Because of these difficulties, many origin-of-life theorists after the mid 1960s addressed the problem of the origin of biological information in a different way. Rather than invoking chance events or “frozen accidents,” many theorists suggested that the laws of nature or law-like forces of chemical attraction might have generated the information in DNA and proteins. Some have suggested that simple chemicals might possess “self-ordering properties” capable of organizing the constituent parts of proteins, DNA and RNA into the specific arrangements they now possess. Just as electrostatic forces draw sodium (Na+) and chloride ions (Cl-) together into a highly-ordered patterns within a crystal of salt (NaCl), so too might amino acids with special affinities for each other arrange themselves to form proteins. Kenyon and Steinman (1969) developed this idea in a book entitled Biochemical Predestination.

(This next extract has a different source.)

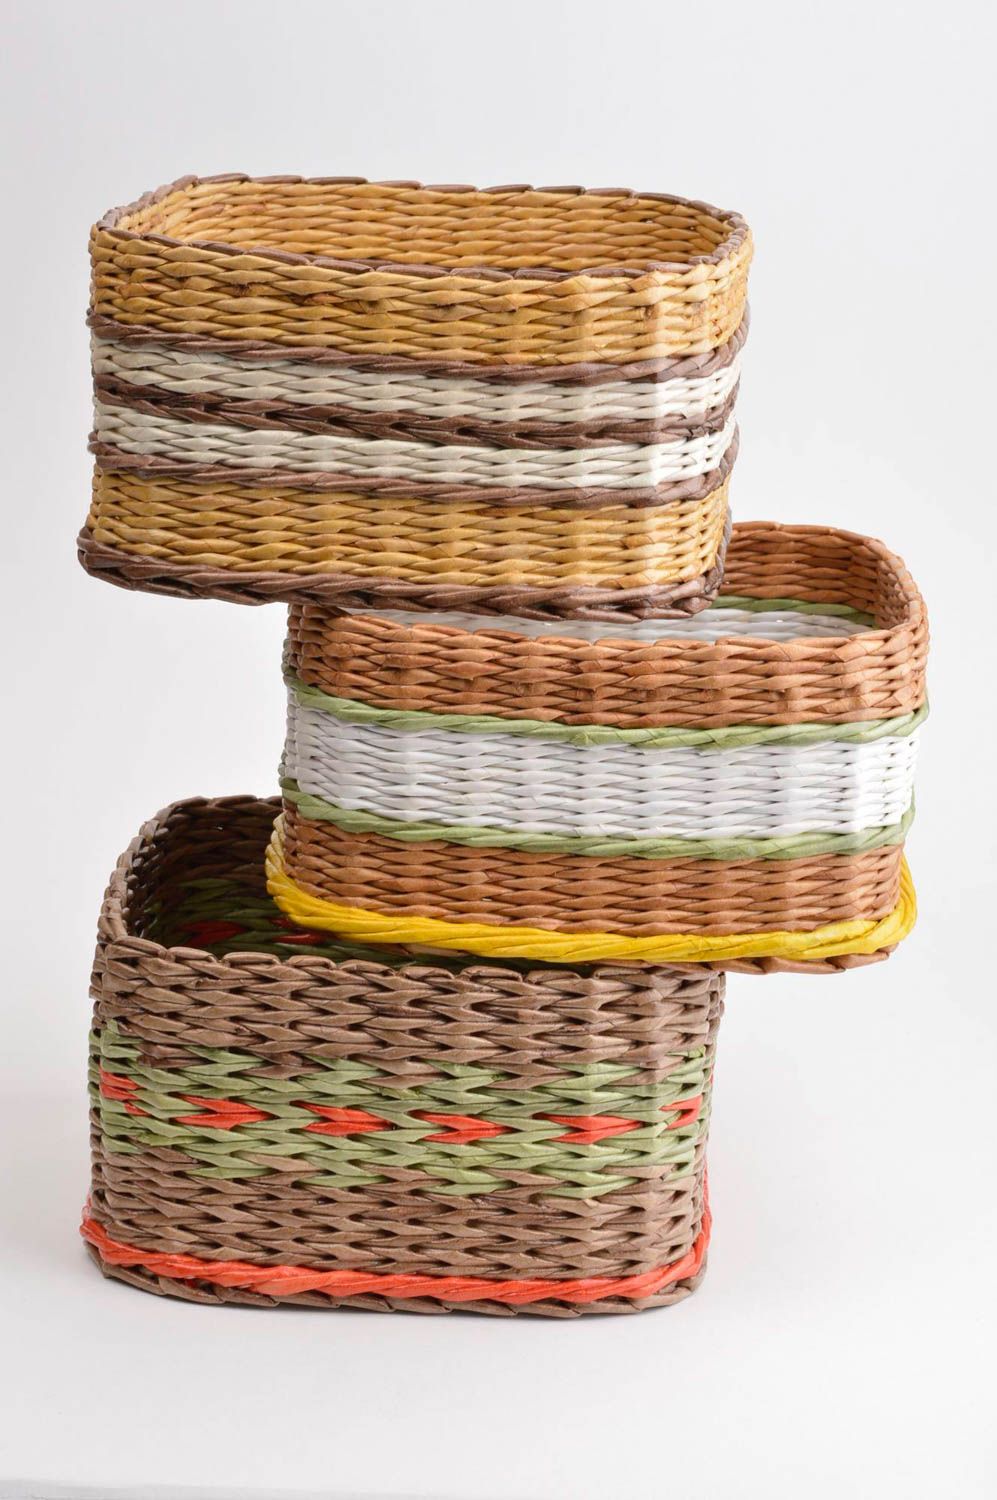 Плетеные корзины ручной работы 3 штуки подарочные корзины предметы интерьера фото 2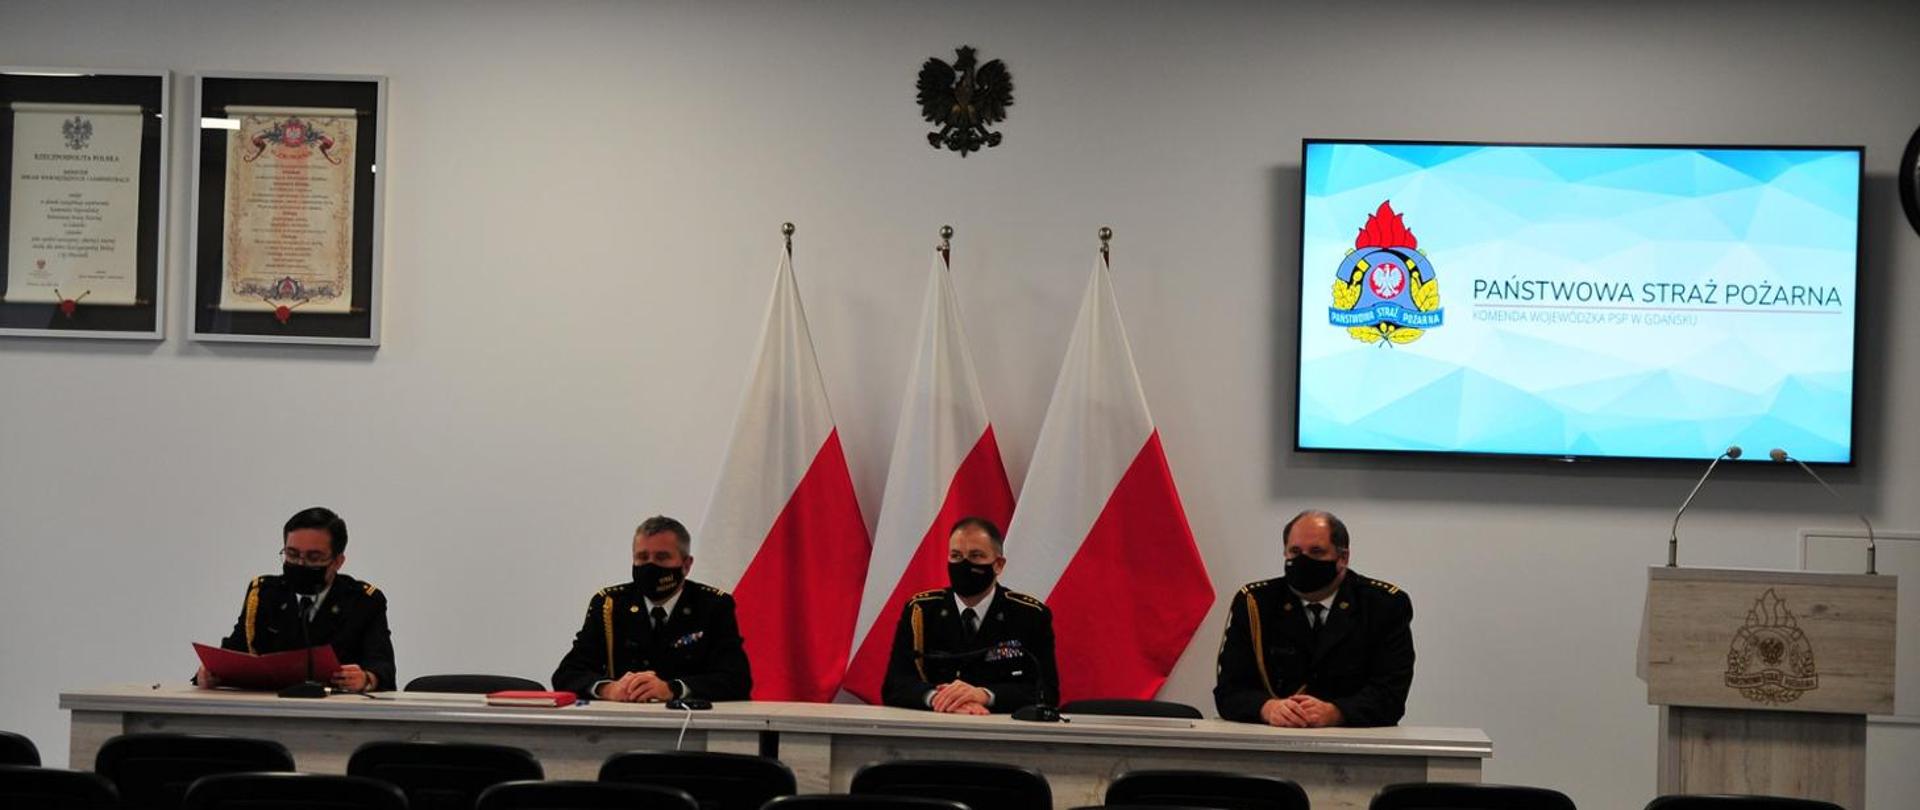 Zdjęcie przedstawia kierownictwo KW PSP w Gdańsku podczas wideokonferencji.

Prigogine and Nicolis (1977, 339-53, 429-47) proposed another theory of self-organization based on their observation that open systems driven far from equilibrium often display self-ordering tendencies. For example, gravitational energy will produce highly ordered vortices in a draining bathtub; and thermal energy flowing through a heat sink will generate distinctive convection currents or “spiral wave activity.”
For many current origin-of-life scientists, self-organizational models now seem to offer the most promising approach to explaining the origin of biological information. Nevertheless, critics have called into question both the plausibility and the relevance of such models. Ironically, perhaps the most prominent early advocate of self-organization, Dean Kenyon, has now explicitly repudiated his own and similar theories as both incompatible with empirical findings and theoretically incoherent.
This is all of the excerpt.